On the whole, our results support the idea that the individual components of speech contain only the information needed to identify them. When the predictability of syllables and words is expressed in terms of information content, it correlated with duration, spectral reduction and intelligibility of individual phonemes. This correlation was found after normalization for the effects of phoneme identity, speaking style differences, and lexical stress. We know that predictability is strongly correlated with ease of identification [5,7]. Therefore, we can conclude that speakers anticipate the efforts listeners have to expend in recognition and try to strike a balance with their own efforts. The result can be seen as efficient communication.
Figure 2 shows that the effects of word frequency (I(word)) are limited to the stressed syllables.

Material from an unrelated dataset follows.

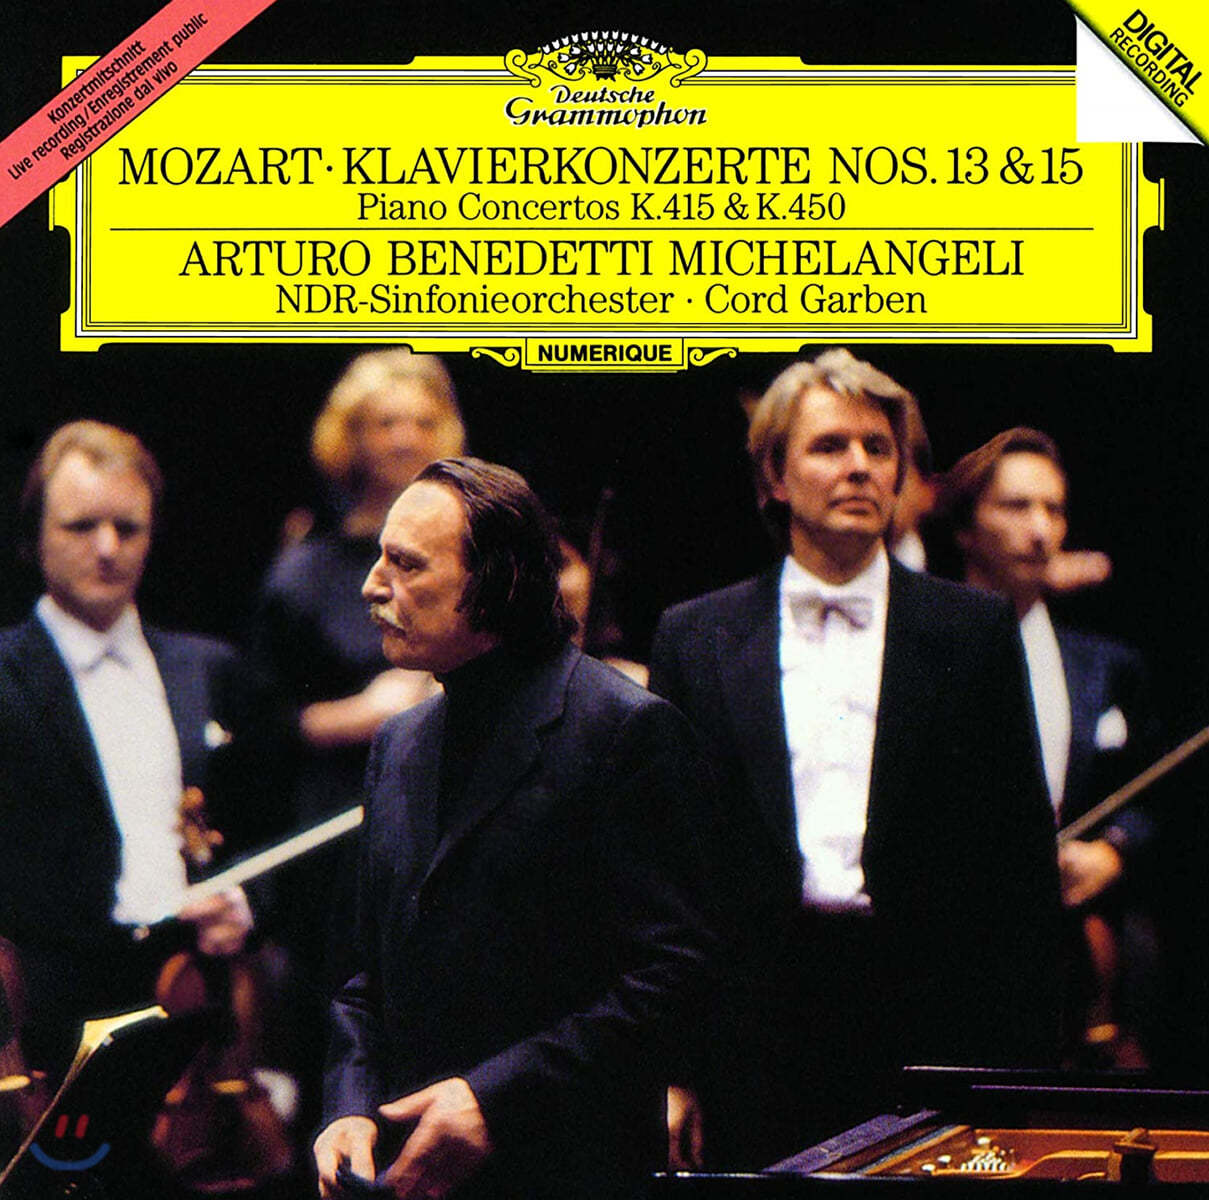 Arturo Benedetti Michelangeli 모차르트: 피아노 협주곡 13, 15번 (Mozart: Piano Concertos K.415, 450)

This can be partly explained by noting that rare syllables tend to occur as the stressed syllables of rare words, and unstressed syllables are generally high-frequency syllables [5,18]. This indicates that syllable frequencies dominate any effect of word frequency.
On a more detailed level, it was found that phoneme duration was the factor most strongly related to both information content and intelligibility. Speakers seem to smooth the distribution of information over time by varying segmental (or syllabic) durations. The weaker correlations of both spectral reduction and intelligibility with information content and with each other suggests that time is the limiting factor in speech [16]. Speakers seem to detest spending time speaking while listeners need some time to understand it [1], but also should not be bored [4]. If listeners do not have enough time to identify all aspects of a phoneme, it doesn't "pay" to articulate them properly. Hence, the spectral reduction found in predictable syllables and words could be a secondary result of the shorter durations.
Combining our data with those presented in the literature, we can conclude that speakers anticipate the efforts needed to understand their message. They adapt some aspects of their speech to strike a balance between their own efforts and those of their audience. This adaptation increases the efficiency of communication.